ECLI:NL:RBDHA:2019:3928

Rechtbank Den Haag

Datum uitspraak
18 april 2019
Publicatiedatum
19 april 2019
Zaaknummer
AWB 18/7026
Instantie
Rechtbank Den Haag
Type
Uitspraak
Rechtsgebied
Bestuursrecht; Vreemdelingenrecht
Procedures
  • Eerste aanleg - enkelvoudig
Vindplaatsen
  • Rechtspraak.nl
AI samenvatting door LexboostAutomatisch gegenereerd

Rechtsgeldigheid van een huwelijk gesloten in Syrië en de gevolgen voor de aanvraag van een machtiging tot voorlopig verblijf

In deze zaak heeft de Rechtbank Den Haag op 17 april 2019 uitspraak gedaan in een geschil tussen eiseres, een Syrische vrouw, en de Staatssecretaris van Justitie en Veiligheid.
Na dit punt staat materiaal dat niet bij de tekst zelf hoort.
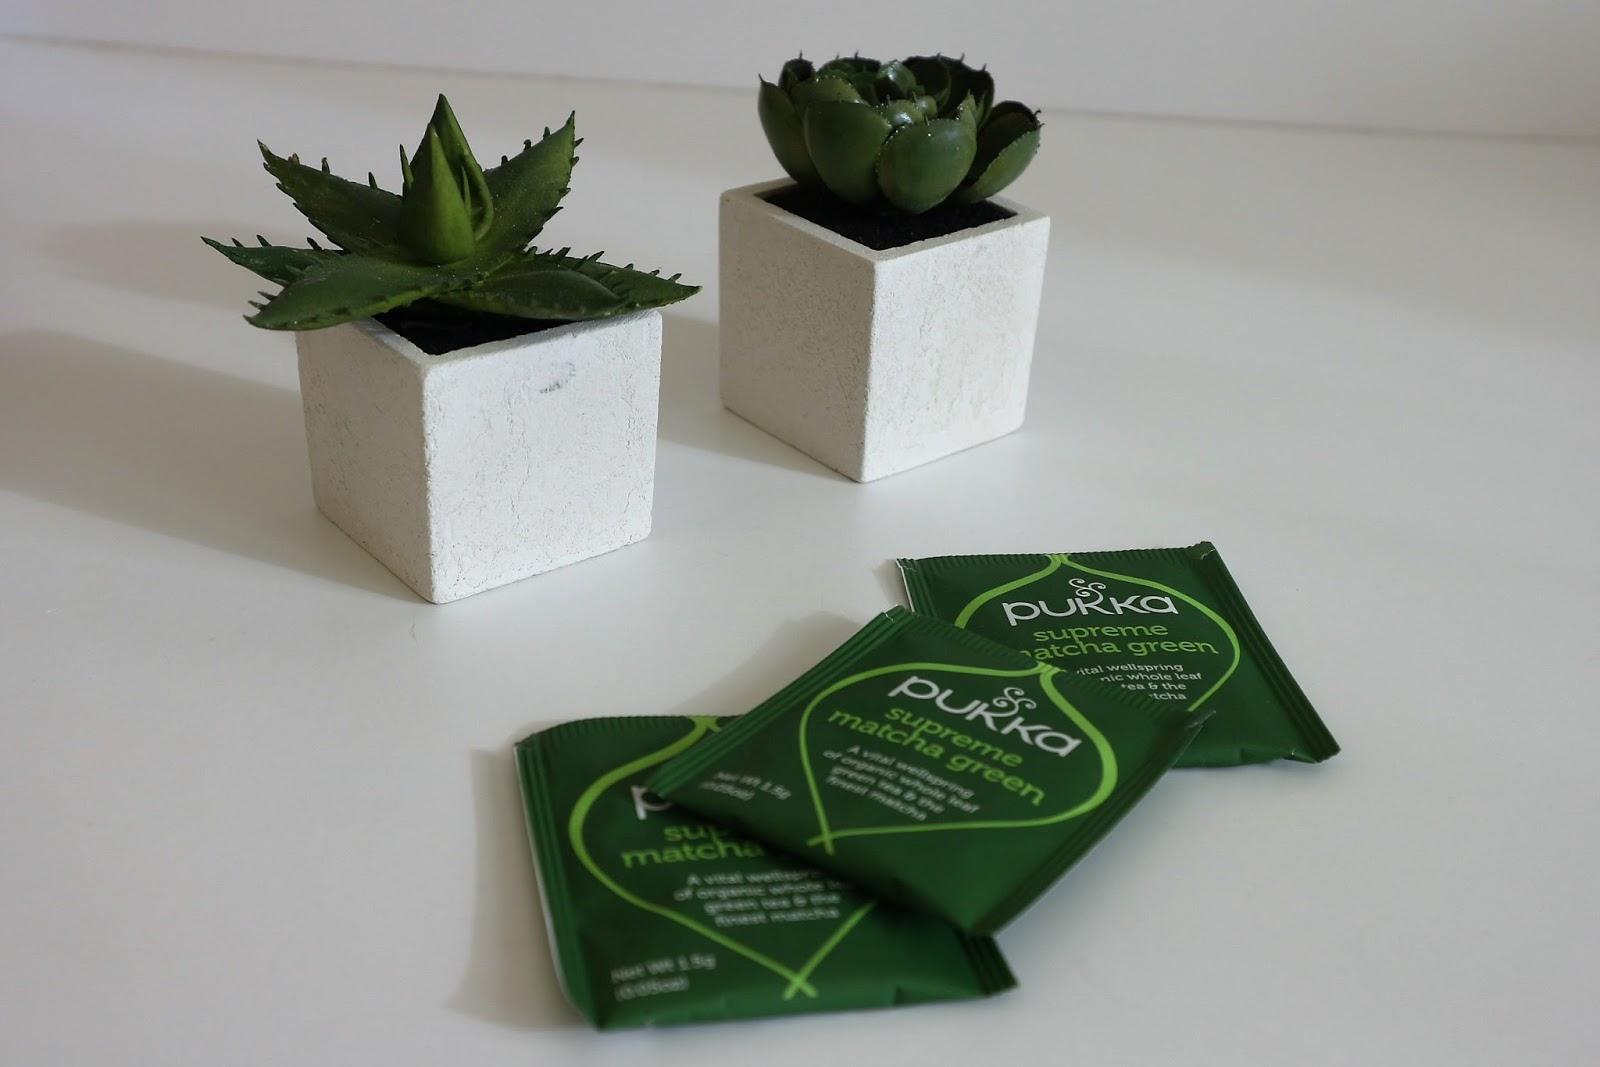 Pukka Matcha tea bags

Eiseres had een aanvraag ingediend voor een machtiging tot voorlopig verblijf (mvv) in het kader van nareis asiel, die door de Staatssecretaris was afgewezen. De afwijzing was gebaseerd op het standpunt dat er ten tijde van de binnenkomst van de referent in Nederland geen rechtsgeldig huwelijk tussen eiseres en referent bestond. Eiseres betwistte dit en voerde aan dat het huwelijk, dat in 2012 in Syrië was gesloten en in 2017 door een sharia-rechtbank was bekrachtigd, rechtsgeldig was.

De rechtbank oordeelde dat de Staatssecretaris ten onrechte had gesteld dat er geen rechtsgeldig huwelijk was. De rechtbank baseerde haar oordeel op de relevante wetgeving, waaronder artikel 29 van de Vreemdelingenwet 2000 en artikel 10:31 van het Burgerlijk Wetboek. De rechtbank concludeerde dat het huwelijk, dat door de sharia-rechtbank was bekrachtigd, met terugwerkende kracht als rechtsgeldig moest worden erkend. De rechtbank verwierp ook het standpunt van de Staatssecretaris dat er geen bewijs was van registratie van het huwelijk in de registers van de burgerlijke stand in Syrië.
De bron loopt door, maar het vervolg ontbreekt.